The infinitesimal generator of the process is the diffusion operator
\[ Lf=\Delta f+\langle\nabla\log\varphi,\nabla f\rangle. \]
In other words
\[ Lf=\Delta f-\beta\nabla U\cdot\nabla f. \]
Let us check that \( {\mu} \) is invariant in the sense that \( {X_0\sim\mu} \) implies \( {X_t\sim\mu} \) for any \( {t\geq0} \). Since
\[ Lf(x)=\partial_{t=0}\mathrm{E}(f(X_t)\mid X_0=x), \]
it suffices to show that for any smooth and compactly supported test function \( {f} \),
\[ \int Lf(x)\mathrm{d}\mu(x)=0. \]
Indeed an integration by parts with respect to the Lebesgue measure gives
\[ \int\Delta f\,\mathrm{d}\mu = \int\Delta f(x)\,\varphi(x)\mathrm{d}x =-\int\langle\nabla f(x),\nabla\varphi(x)\rangle\mathrm{d}x =-\int\langle\nabla f,\nabla\log\varphi\rangle\mathrm{d}\mu. \]
In fact \( {\mu} \) is reversible in the sense that for any \( {f,g} \),
\[ \int fLg\mathrm{d}\mu =-\int\langle\nabla f,\nabla g\rangle\mathrm{d}\mu =\int gLf\mathrm{d}\mu. \]

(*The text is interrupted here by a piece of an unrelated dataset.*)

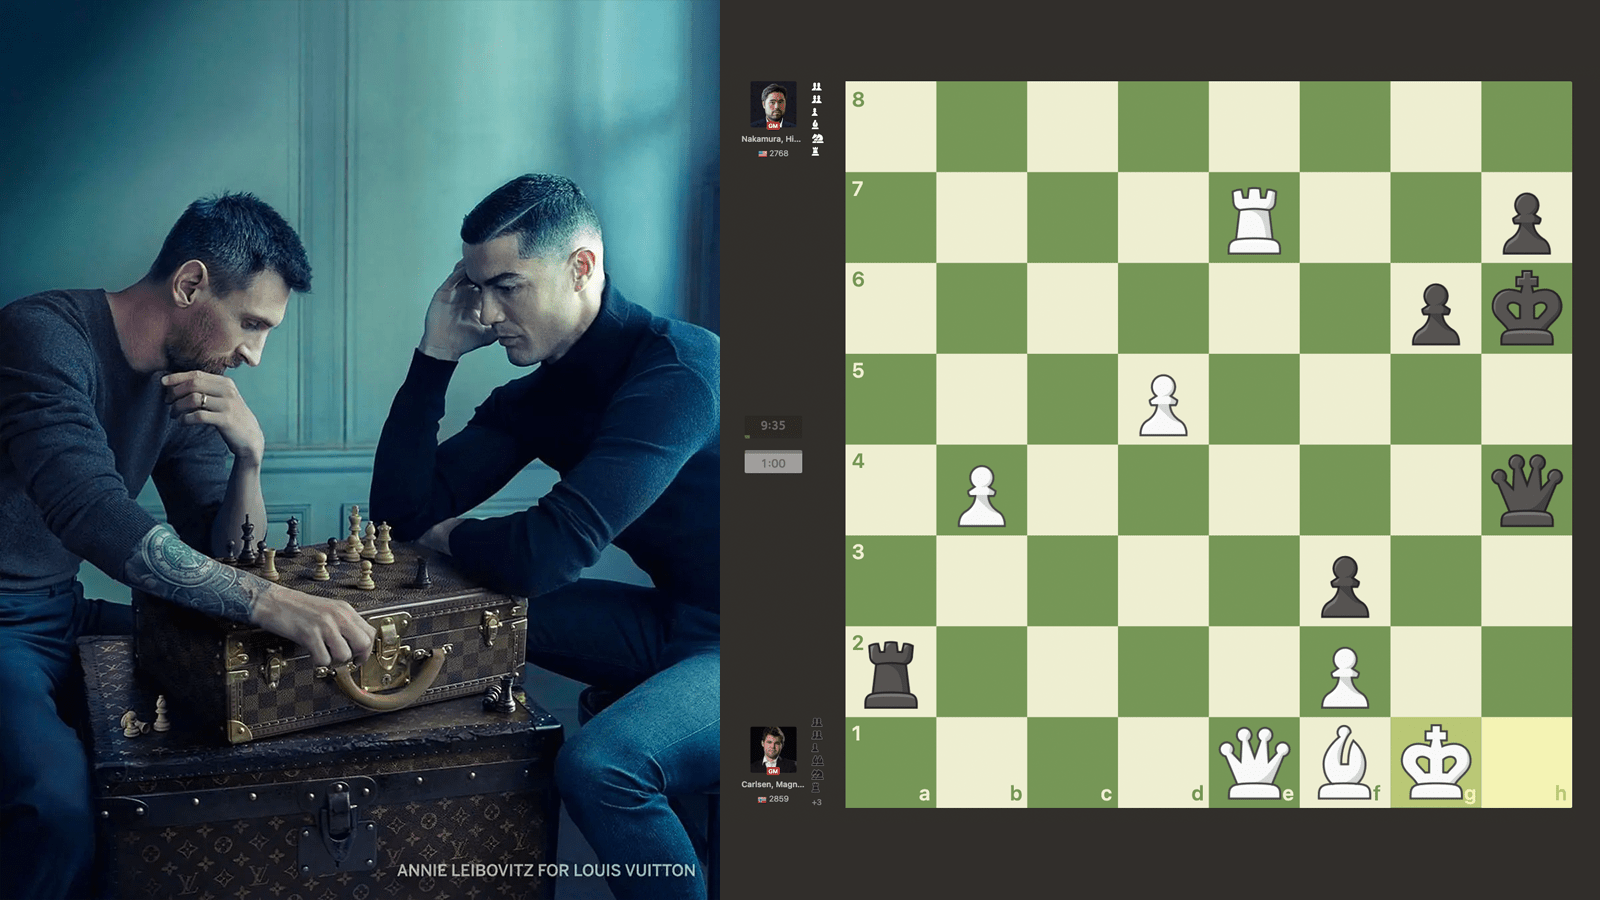 Messi, Ronaldo Play Chess In Louis Vuitton Campaign (And The Position Is Real)

Playing with speed. For any \( {\alpha>0} \) the process \( {X’=(X_{\alpha t})_{t\geq0}} \) obtained from \( {X} \) by a linear time change also leaves \( {\mu} \) invariant. It solves the equation
\[ \mathrm{d}X’_t = \sqrt{2\alpha}\mathrm{d}B_t-\alpha\beta\nabla U(X’_t)\mathrm{dt}. \]
Its semigroup is \( {\mathrm{e}^{\alpha tL}} \) where \( {Lf=\Delta f-\beta\nabla U\cdot\nabla f} \). Taking \( {\alpha=1/\beta} \) gives
\[ \mathrm{d}X’_t = \sqrt{\frac{2}{\beta}}\mathrm{d}B_t-\nabla U(X’_t)\mathrm{dt} \]

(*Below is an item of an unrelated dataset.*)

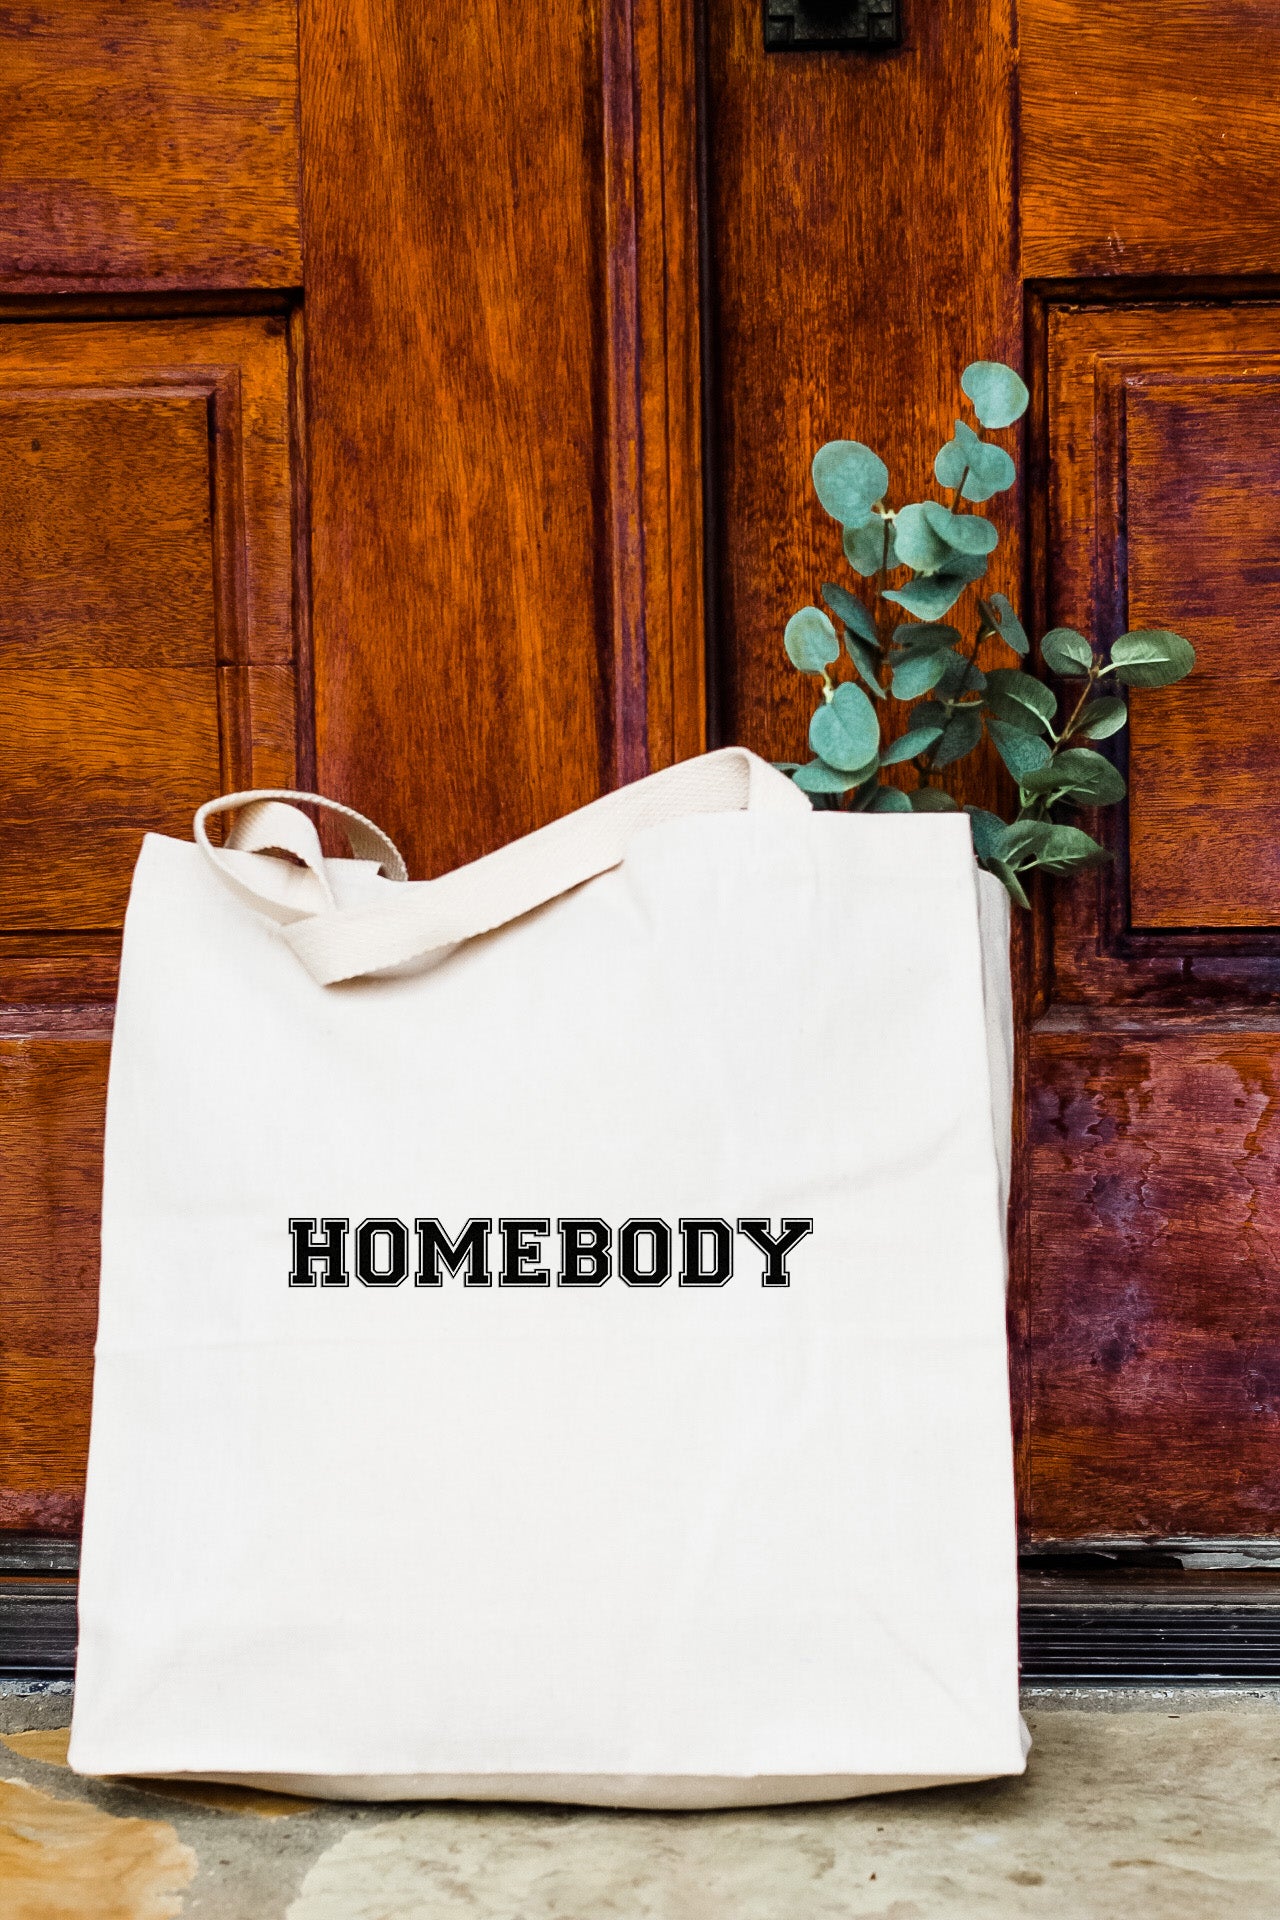 Homebody - Feel Good Collection - Tote Bag - MoonlightMakers

which allows to see \( {1/\beta} \) as the variance parameter for the Brownian noise term, which is perfectly coherent with the “inverse temperature” terminology for \( {1/\beta} \).
Divergence free perturbation. Are there other diffusions leaving invariant \( {\mu} \)? The answer is YES. Namely if \( {F:\mathbb{R}^d\rightarrow\mathbb{R}^d} \) is smooth with
\[ \mathrm{div}(\varphi F)=0 \]
then \( {\mu} \) is left invariant by the process \( {Y=(Y_t)_{t\geq0}} \) solution of
\[ \mathrm{d}Y_t =\sqrt{2}\mathrm{d}B_t+(\nabla\log\varphi)(Y_t)\mathrm{d}t+F(Y_t)\mathrm{dt}. \]

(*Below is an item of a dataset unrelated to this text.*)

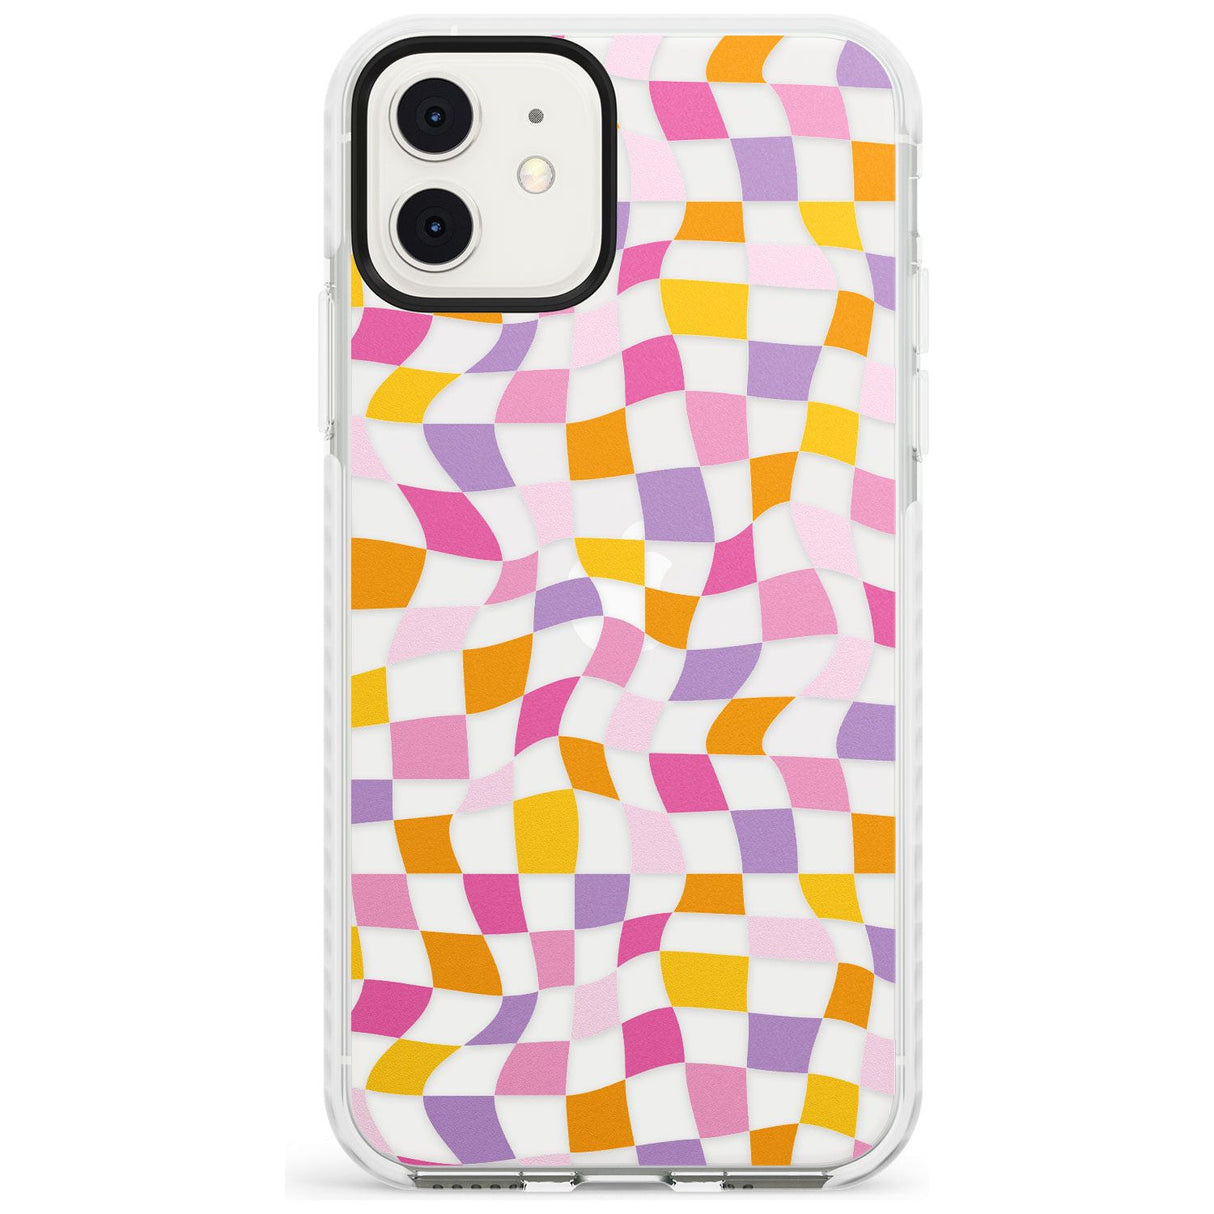 Wonky Squares Pattern Impact Phone Case for iPhone 11

Indeed, the infinitesimal generator of \( {Y} \) is
\[ Lf=\Delta f+\langle\nabla\log\varphi,\nabla f\rangle+\langle F,\nabla f\rangle. \]
It suffices to check that for any smooth and compactly supported test function \( {f} \),
\[ \displaystyle\int\langle F,\nabla f\rangle\mathrm{d}\mu=0. \]
Indeed, by integration by parts, we have, using the assumption \( {\mathrm{div}(\varphi F)=0} \),
\[ \int\langle F,\nabla f\rangle\mathrm{d}\mu =\int\langle \varphi F,\nabla f\rangle\mathrm{d}x =-\int\mathrm{div}(\varphi F)f\mathrm{d}x =0. \]
A geometric interpretation of the condition \( {\mathrm{div}(\varphi F)=0} \) is given by the identity
\[ \mathrm{div}(\varphi F) =\sum_{i=1}^d\partial_i(\varphi F_i) =\langle\nabla\varphi,F\rangle+\varphi\mathrm{div}F. \]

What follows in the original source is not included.